Au, Cheryl P.; Carberry, Angela E.; Raynes-Greenow, Camille H.; Jeffery, Heather E.; Turner, Robin M.

Obstetrical & Gynecological Survey: July 2013 - Volume 68 - Issue 7 - p 506–508
doi: 10.1097/01.ogx.0000432202.85298.57
Obstetrics: Medical Complications of Pregnancy

The altered intrauterine environment of gestational diabetes mellitus (GDM) can affect fetal growth and development. Body composition is used to characterize overgrowth, with increases in fat mass apparent in infants of GDM pregnancies. This cross-sectional study was performed to determine body composition and anthropometric measurements at birth in term infants of women with GDM compared with infants of mothers with normal glucose tolerance (NGT) levels.
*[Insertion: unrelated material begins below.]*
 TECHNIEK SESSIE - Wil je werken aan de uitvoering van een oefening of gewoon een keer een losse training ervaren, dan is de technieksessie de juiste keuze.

In singleton, term infants, with no congenital anomalies, the diagnosis of maternal GDM was based on the Australasian Diabetes in Pregnancy Society criteria. Mothers with GDM self-monitored and recorded their blood glucose levels 4 times a day. Neonatal anthropometric measurements were made within 48 hours of birth. Neonatal body fat percentage, fat mass, and fat-free mass were assessed by air-displacement plethysmography. The associations between GDM status and neonatal body fat % and fat-free mass and other anthropometric measurements were investigated using linear regression. The association between neonatal body fat% and maternal glycemic indices in the GDM group was assessed using correlation coefficients.
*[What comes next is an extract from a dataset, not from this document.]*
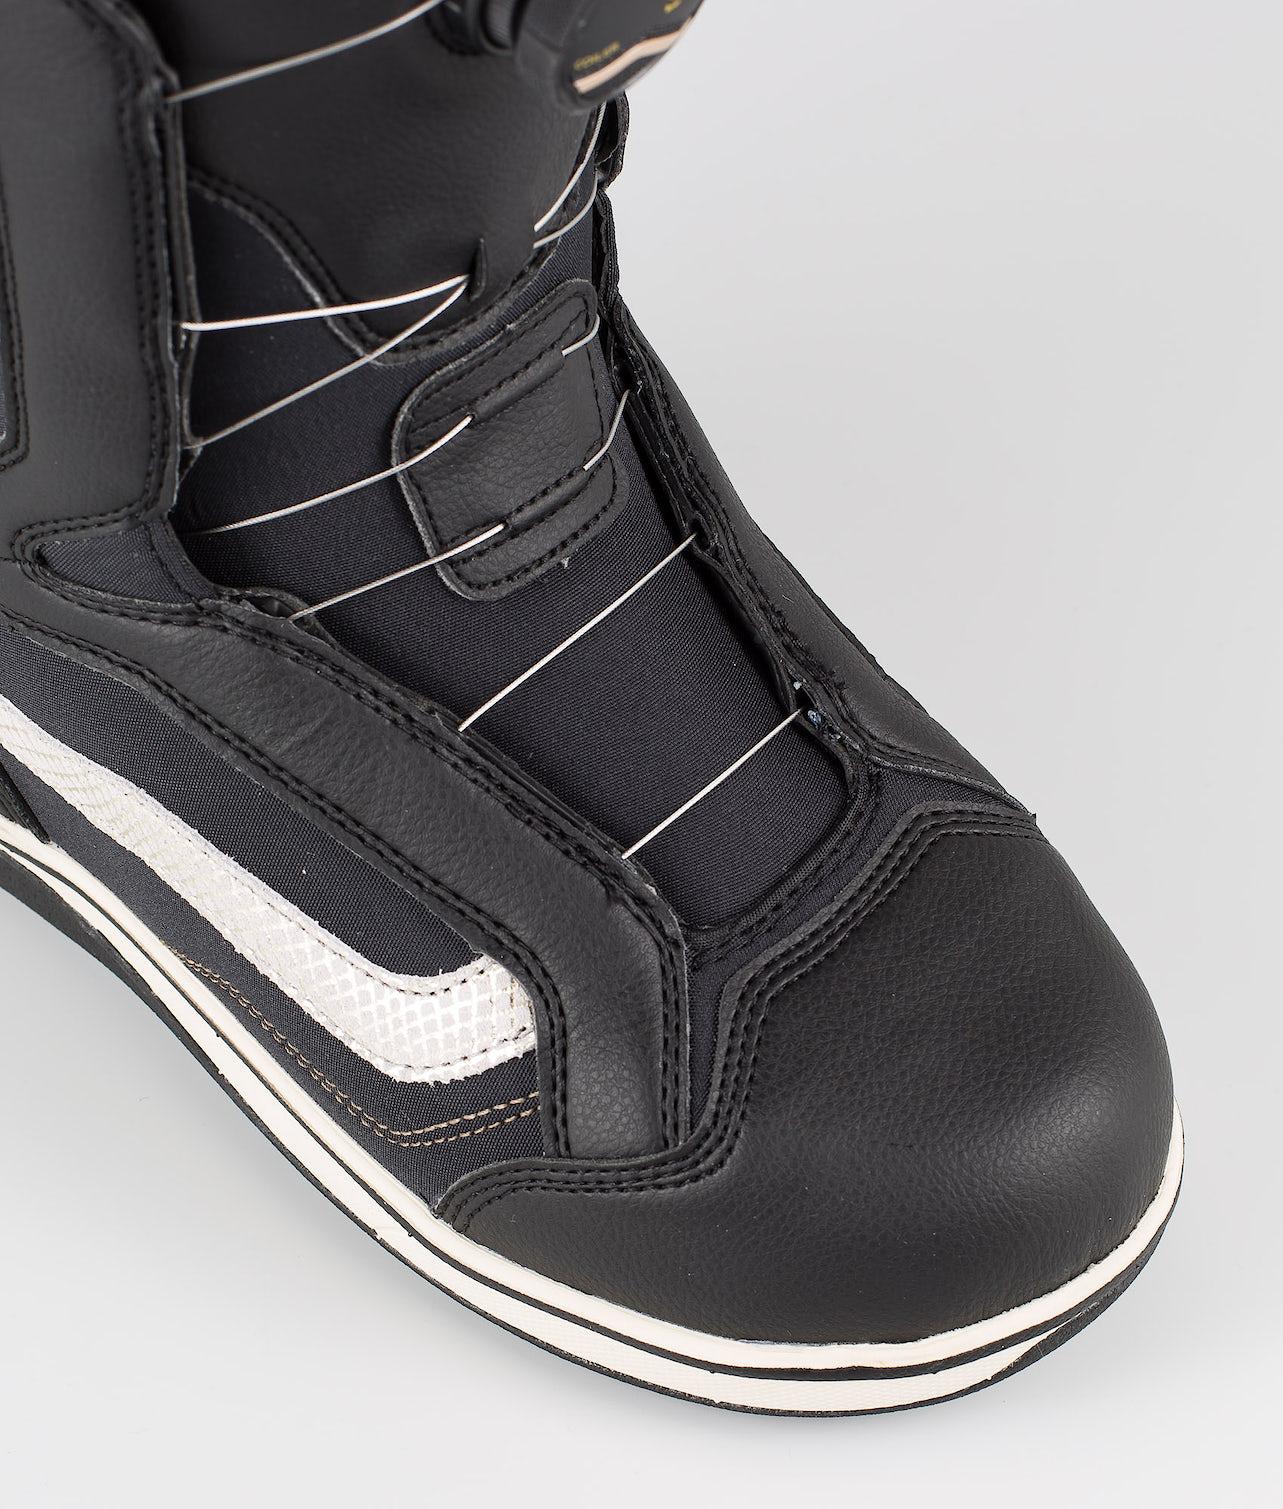 Kjøp Encore Pro Boots fra Vans Snowboarding på Ridestore.no - Hos oss har du alltid fri frakt, fri retur og 30 dagers åpent kjøp!

Of 815 mothers and their infants, the final study cohort included 532 and 67 patients in the NGT and GDM groups, respectively. The groups did not differ significantly in maternal age (GDM, 33.2 ± 4.7 years; NGT, 32.5 ± 5.1 years; P = 0.22). Mothers with GDM were more likely to be overweight or obese (36% vs 22%; P = 0.011). Good glycemic control was achieved in 56 (90%) of 62 women meeting both fasting and postprandial glycemic targets. The mean third-trimester HbA1c for the whole GDM group was 5.4 ± 0.4 mmol/L. Self-monitoring data for 46 women (mean, 132 readings/patient) showed mean blood glucose levels of 4.8 ± 0.5 mmol/L fasting, 6.7 ± 1.1 mmol/L 1 hour after breakfast, 6.4 ± 0.7 mmol/L after lunch, and 6.5 ± 0.7 mmol/L after dinner. After adjusting for gestational age, neonatal sex, and maternal variables that affect body composition, no significant differences in body fat % were found between the GDM and NGT infants (mean difference, −0.85 [95% confidence interval, −2.00 to 0.31]; P = 0.151). The GDM and NGT infants did not differ significantly in birth weight and other anthropometric measurements.

These results show that normal neonatal body composition can be achieved in infants born to mothers with GDM with good glycemic control. Neonatal body fat% was normalized in the setting of good glycemic control. Thus, early detection and treatment of GDM may help prevent neonatal overgrowth, a factor strongly related to childhood obesity and diabetes. Future work will involve a follow-up of this cohort to evaluate long-term outcomes.

Sydney Medical School (C.P.A., H.E.J.), University of Sydney, Sydney; Sydney School of Public Health (C.P.A., A.E.C., C.H.R.-G., H.E.J., R.M.T.), University of Sydney, Sydney; and Royal Prince Alfred Hospital Newborn Care (H.E.J.), Sydney, Australia

© 2013 by Lippincott Williams & Wilkins.